### SOURCE MATERIAL
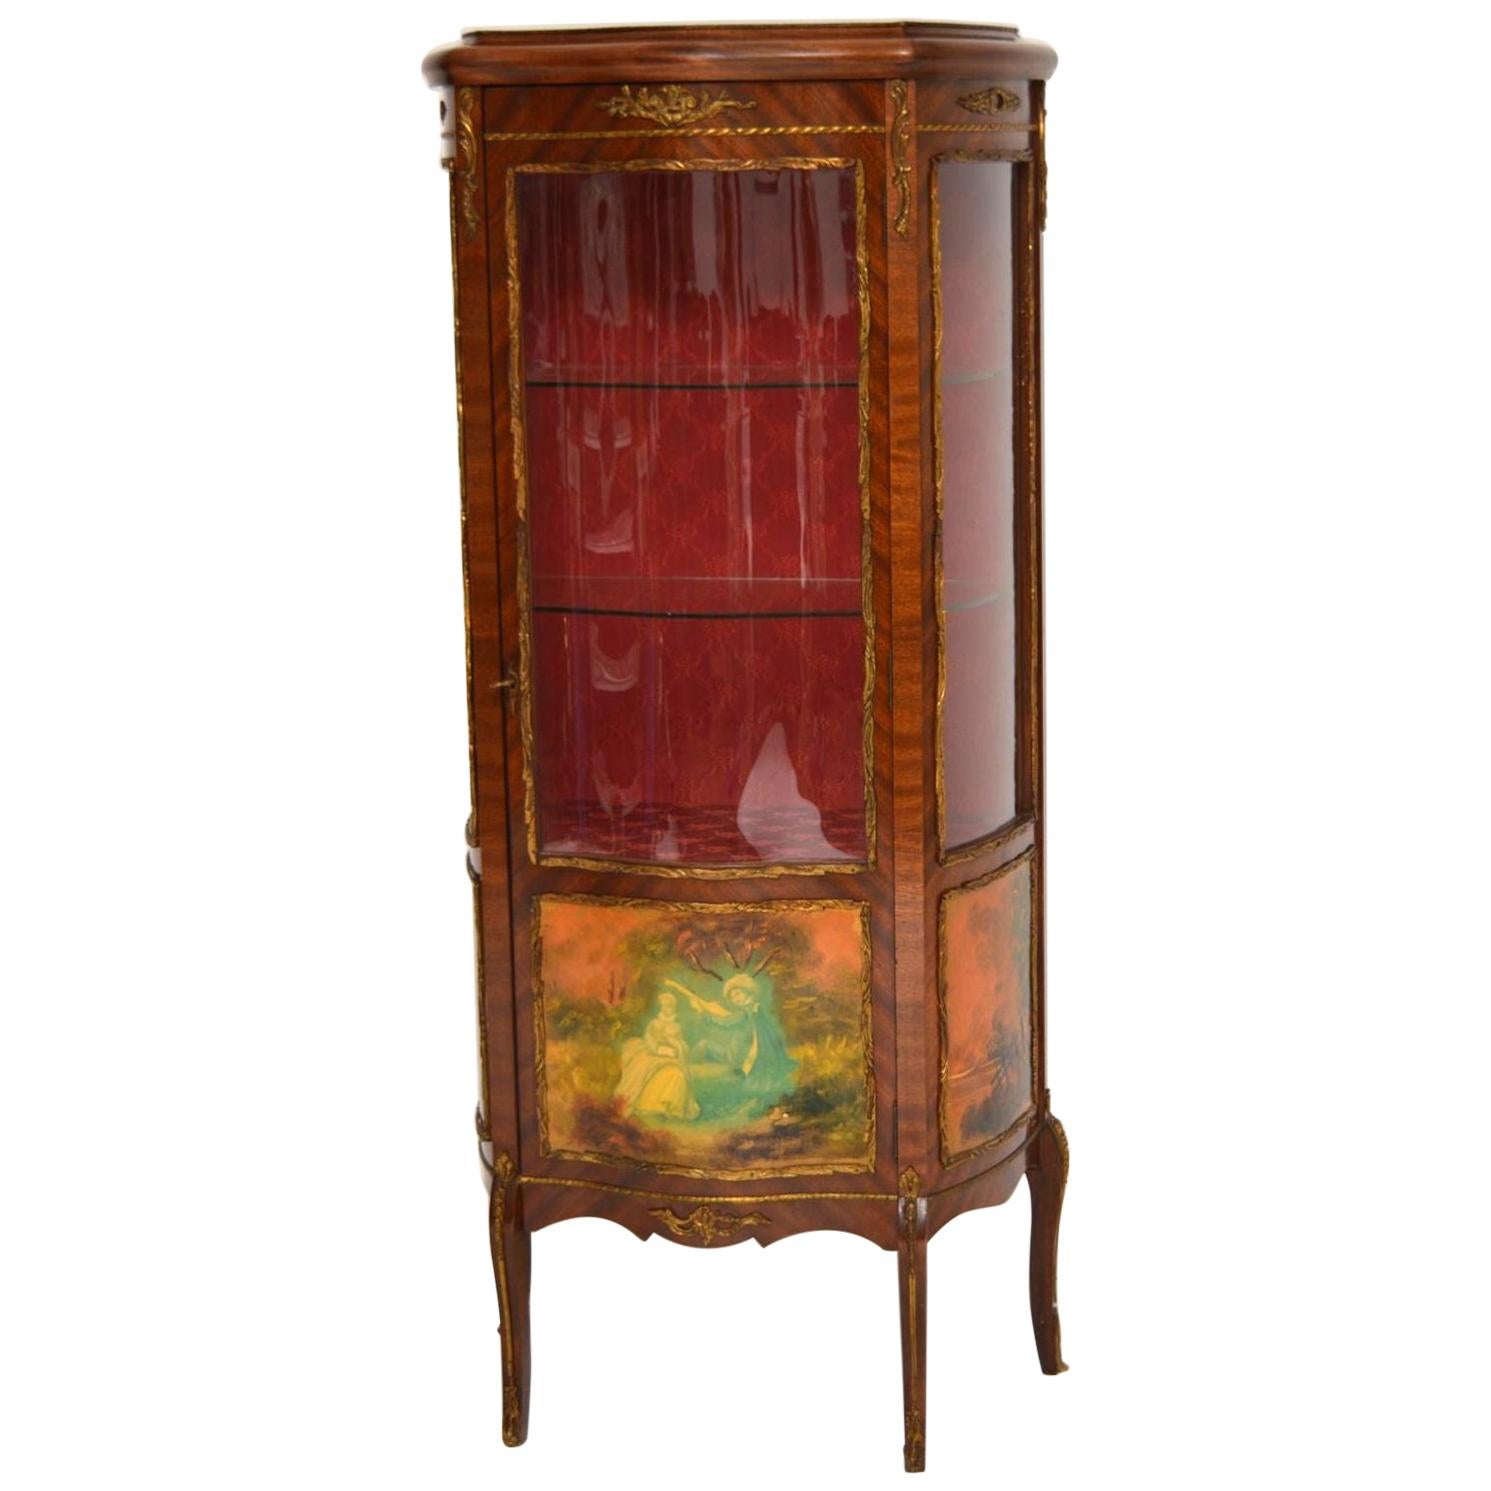 Antique French Style Ormolu Mounted Display Cabinet
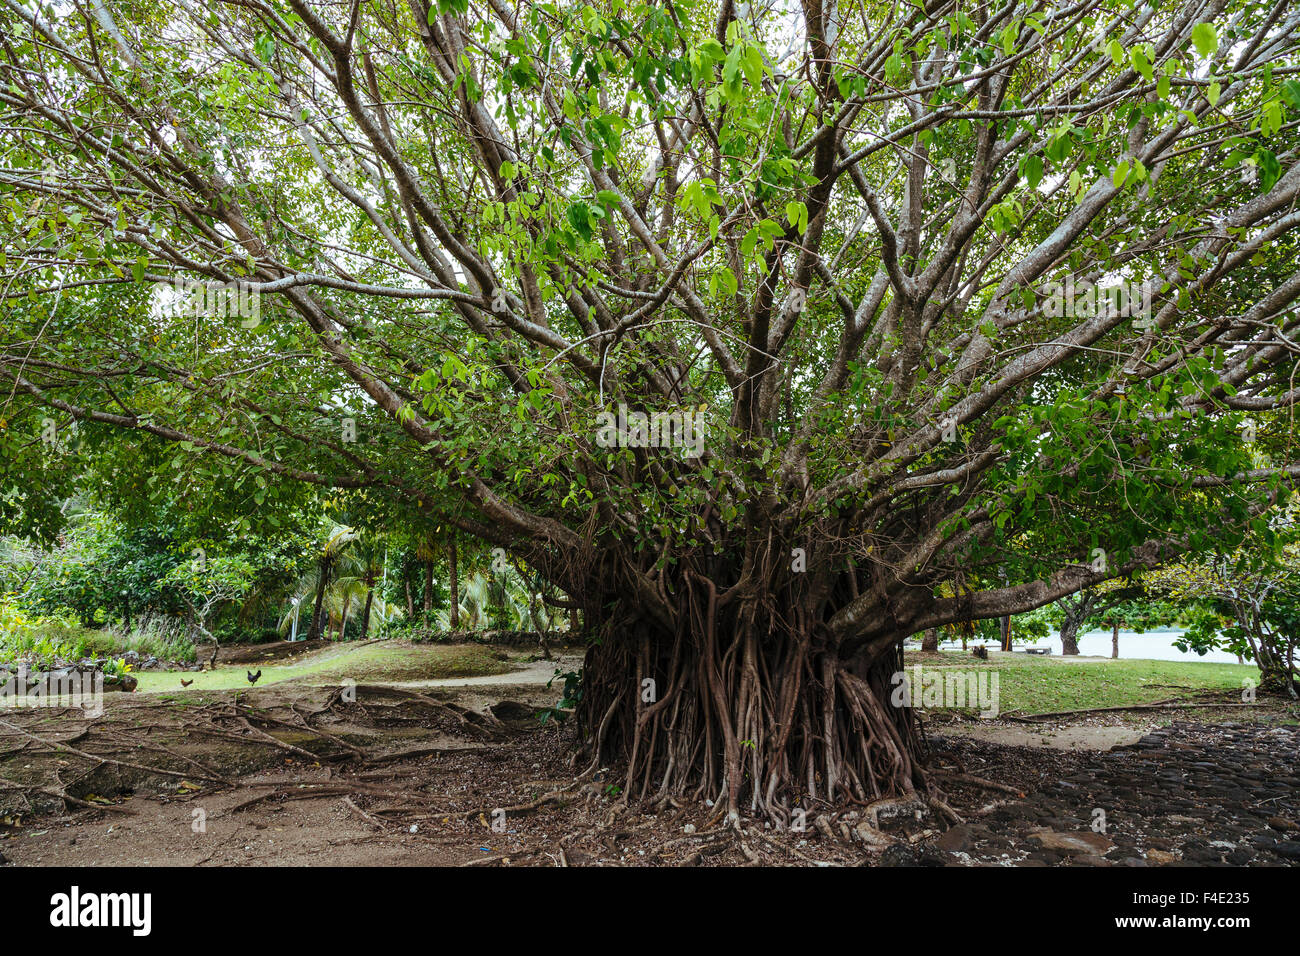 Pacific Ocean, French Polynesia, Society Islands, Raiatea. Tree at Taputapuatea Marae, once considered the central temple and religious center of Eastern Polynesia. Stock Photo
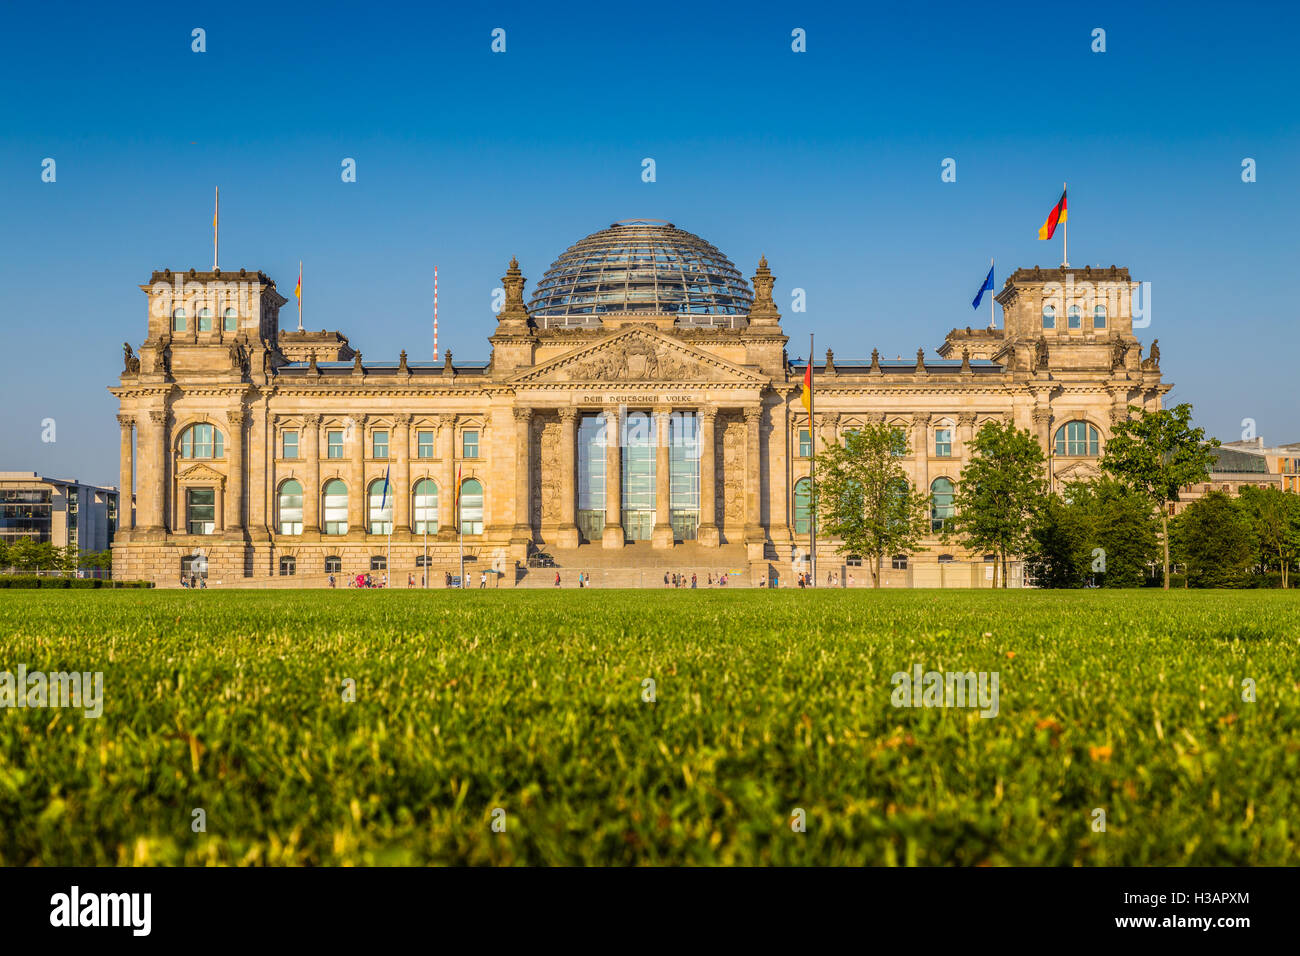 Panoramic view of famous Reichstag building, seat of the German Parliament, in beautiful golden evening light at sunset, Berlin Mitte, Germany Stock Photo

### YOUR OBJECTIVE
Quote the data above in full and without alteration; skip the pictures.

### OUTPUT BELOW
 Antique French Style Ormolu Mounted Display Cabinet
 Pacific Ocean, French Polynesia, Society Islands, Raiatea. Tree at Taputapuatea Marae, once considered the central temple and religious center of Eastern Polynesia. Stock Photo
 Panoramic view of famous Reichstag building, seat of the German Parliament, in beautiful golden evening light at sunset, Berlin Mitte, Germany Stock Photo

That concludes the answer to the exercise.